Une pétition propose le peuple algérien pour l’obtention du Nobel de la paix. Nacima Ourahmoune*, de la Kedge Business School, livre ses arguments en faveur du Hirak.
Les autorités algériennes sont contestées sans discontinuité par la rue, de manière pacifique, depuis plus d’un an. Au cours des manifestations, de nombreuses pancartes, dont une est accrochée en permanence sur l’un des principaux boulevards d’Alger, ont proposé que le peuple algérien obtienne le prix Nobel de la paix. Une pétition en ligne en ce sens a recueilli des milliers de signatures. Pourquoi cette initiative ? Est-elle légitime ?
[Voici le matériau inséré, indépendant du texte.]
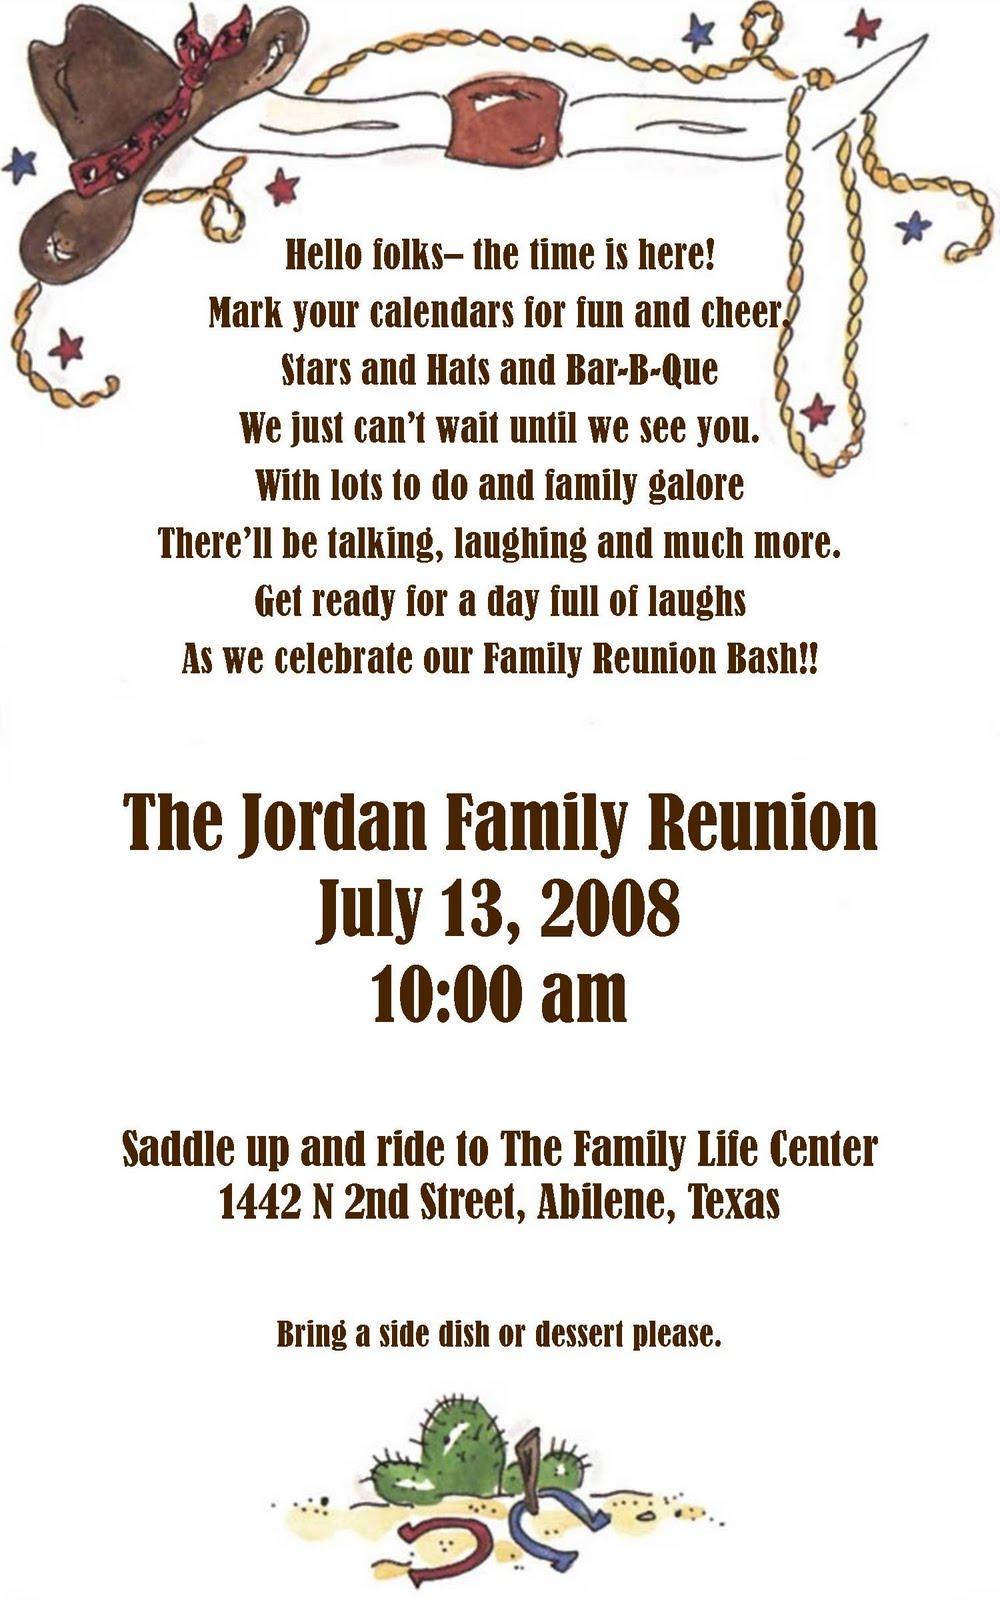 Ideas For Family Reunion Invitations as awesome invitation ideas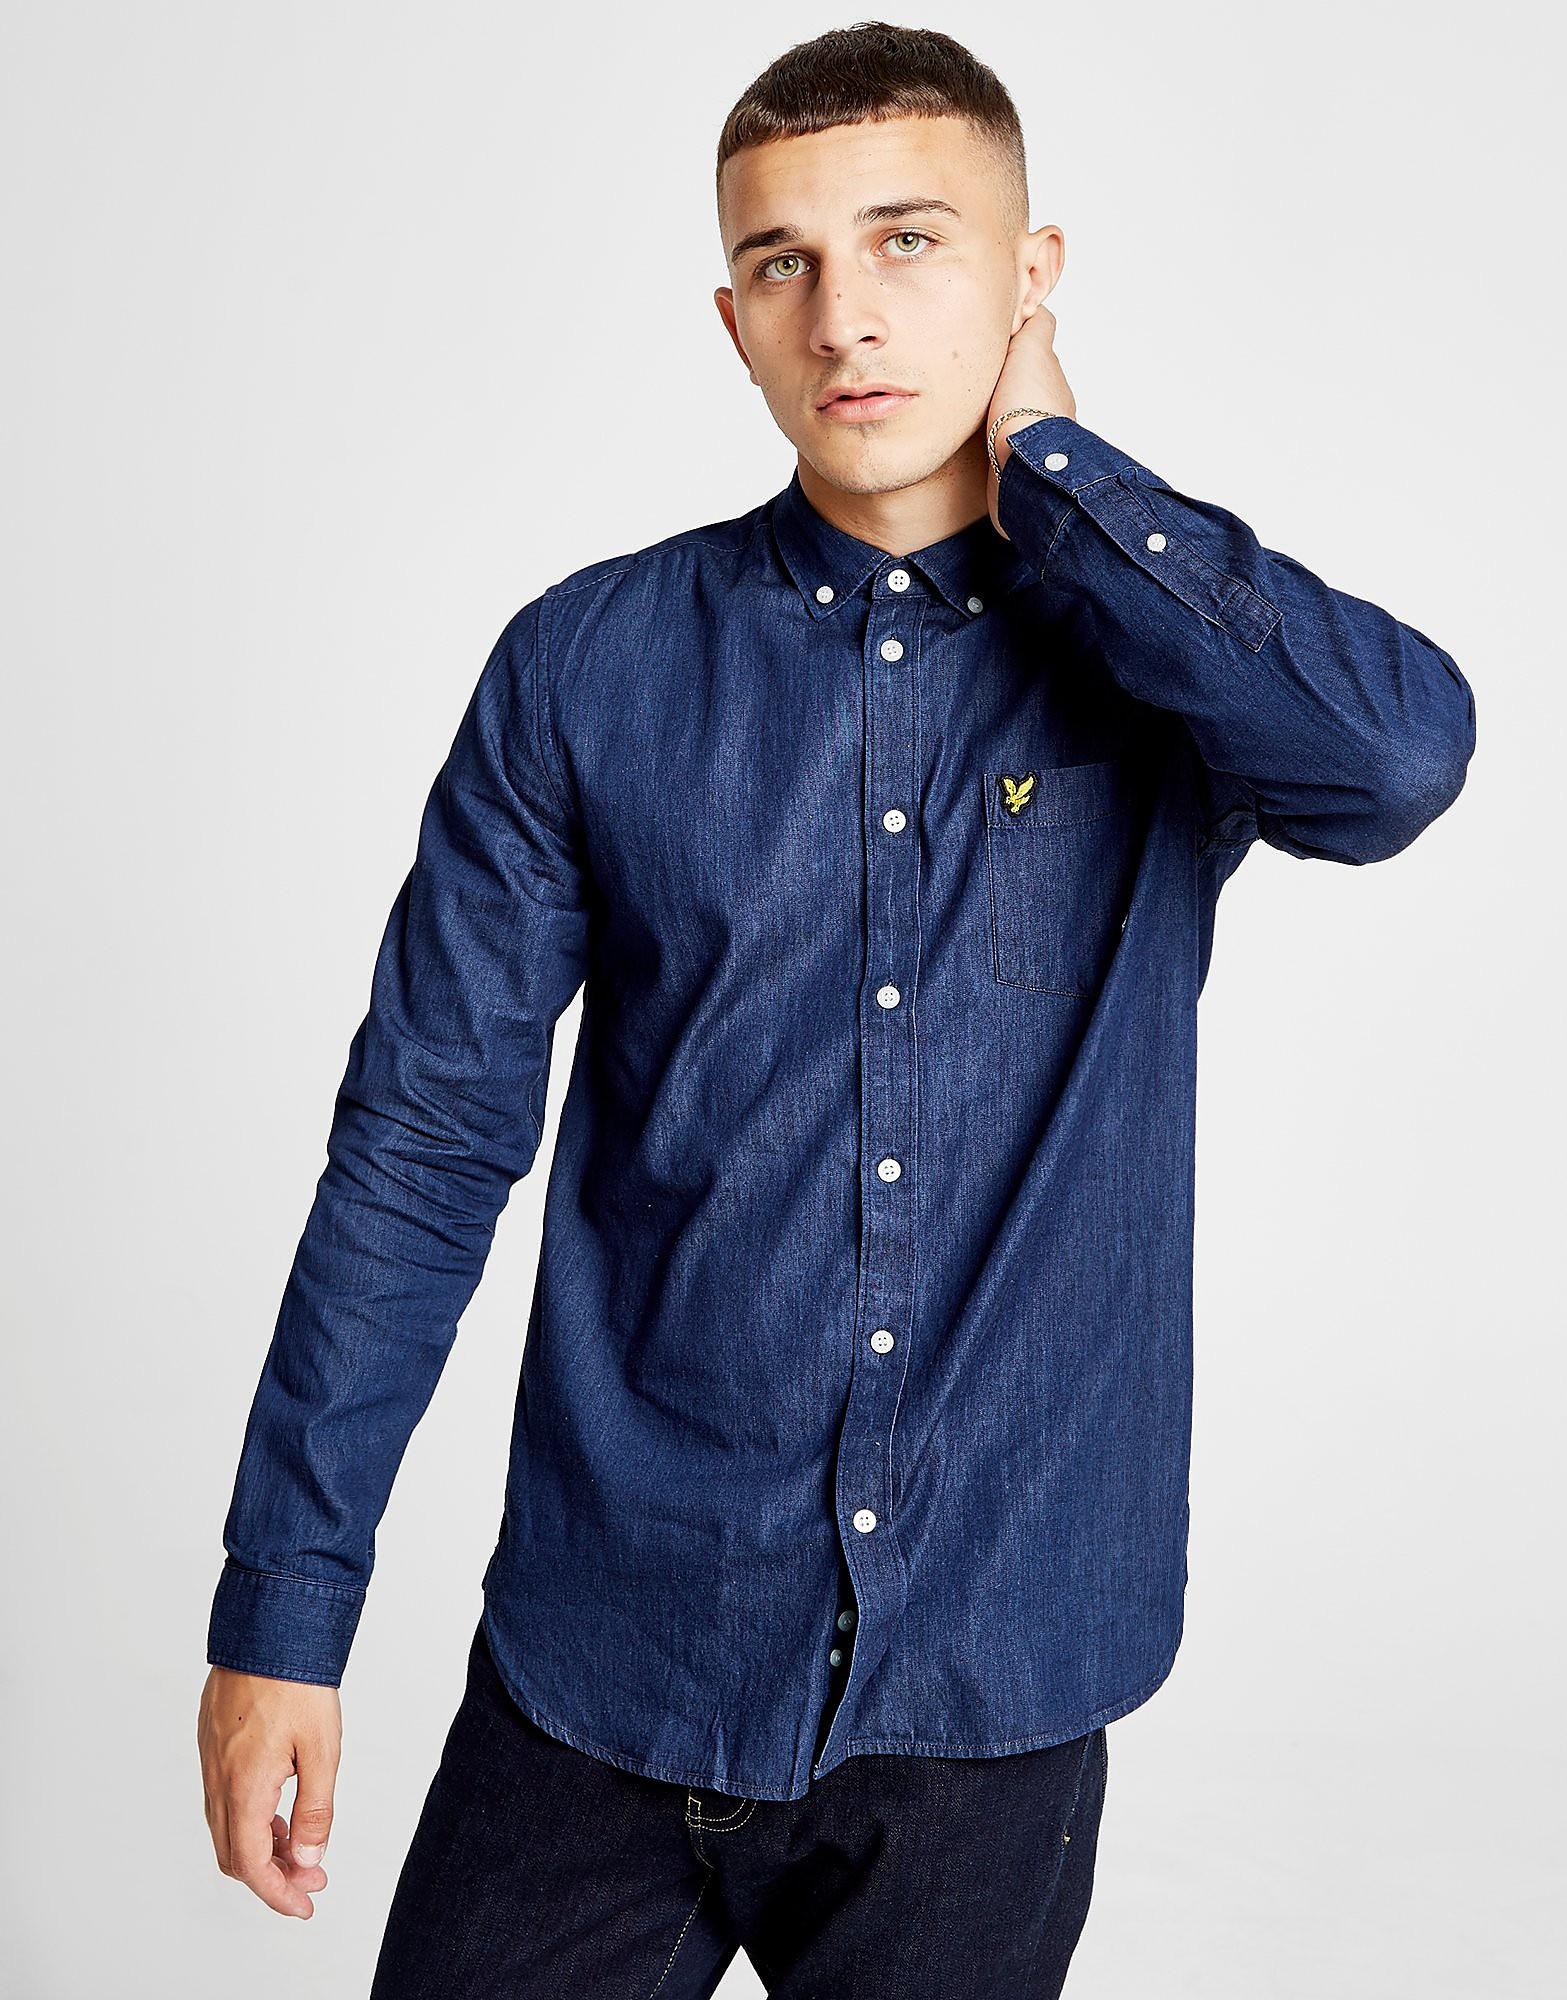 Lyle & Scott Long Sleeve Chamber Shirt Heren - Blauw - Heren

La contestation au temps du coronavirus
Au 57e vendredi, le coronavirus s’est invité dans le quotidien des Algériens : le stade 3 de confinement vient d’être décidé et les marches sont désormais interdites, ce qui menace la pérennité du mouvement de protestation. Depuis février 2019, on compte 56 semaines de protestations massives – une résilience peu banale à l’échelle mondiale des mouvements sociaux, surtout au vu de l’absence de pression des capitales démocratiques sur le régime et de la faible médiatisation de l’exploit du peuple algérien.
Ajoutons, désormais, une gestion de crise du coronavirus délétère. L’exécutif a laissé faire les manifestations avant de les interdire, tergiversé sur les lieux de culte avant d’ordonner leur fermeture, décidé le stade 2 puis 3 en très peu de jours – des atermoiements qui trahissent son impréparation.
Pendant ce temps, ce sont les citoyens qui ont orienté la politique de crise en réclamant massivement la fermeture des frontières, des lieux de culte et des marchés, et en alertant sur l’incurie du système sanitaire. Avant même l’interdiction officielle des rassemblements, les protestataires, à contrecœur et avec sagesse, ont appelé leurs compatriotes à se confiner : accepter de ne plus marcher illustre la maturité du mouvement, alors même que le passage au stade 3 fait craindre la dictature d’un pouvoir jugé illégitime. Le mouvement de protestation citoyen sans tête dénommé Hirak (mouvement) continue néanmoins, autrement.
La protestation est contrainte de changer de véhicule mais de garder le fond. Cette caricature de Hic publiée pour le 57e vendredi a bien exprimé cet enjeu.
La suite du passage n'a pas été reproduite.